Ned Kelly was and still is a controversial character. Needless to say, he comes off rather well here: sympathetic, honorable and loyal. Carey himself has called Ned Kelley not so much a Jesse james, but "Australia's Thomas Jefferson" (a claim which, to an American, seems rather far off the mark), and many Australians consider him a hero for battling colonial oppression and bigotry.

Maybe he was, but I found it hard, in light of the current "War on Terrorism", to read THE TRUE HISTORY OF THE KELLY GANG, and not recall the oft-repeated statement that "one man's terrorist is another man's freedom fighter" ... and vice-versa.

Which was Ned Kelley? I don't know. Does it matter? Sure, because the world looks awfully confusing right now, and it can be hard to know which are the good guys and which are the bad guys in several of the world's conflicts.

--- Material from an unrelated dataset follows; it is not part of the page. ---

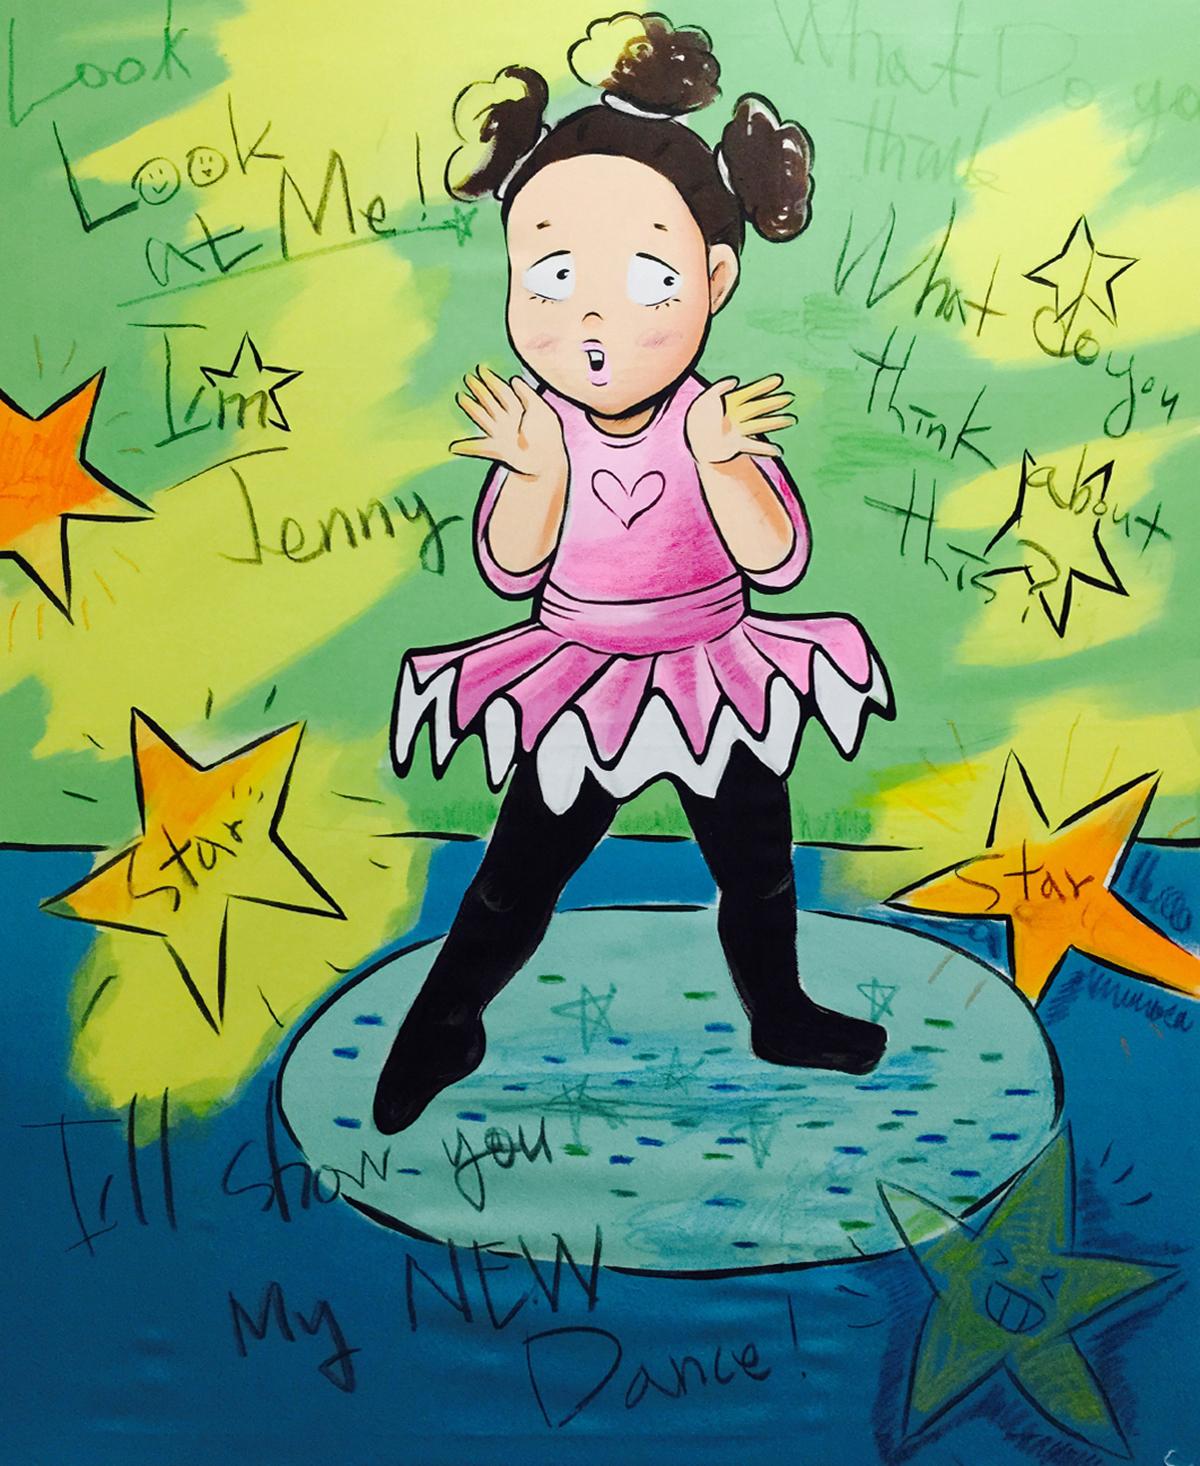 Star Jenny

I personally find it curious to have an outlaw quite so high up in the national pantheon of heroes. He was certainly exciting and charismatic for people that didn't get much of either. But the truth is that he was at most only fighting for kith and kin -- he made no serious attempt to root out injustice in general.

I don't know what PETER CAREY had in mind. But Ned Kelley does not emerge from this book larger than life; on the contrary, one is left with a sense of a waste.

THE TRUE HISTORY OF THE KELLY GANG helps remind us how fine the line between good and evil can be, and how it can be difficult to know when one has crossed over.

Peter Gordon
22/10/2001

Peter Gordon is editor of The Asian Review of Books.

Views expressed by the reviewers are their own and do not necessarily reflect the views or policies of the publication.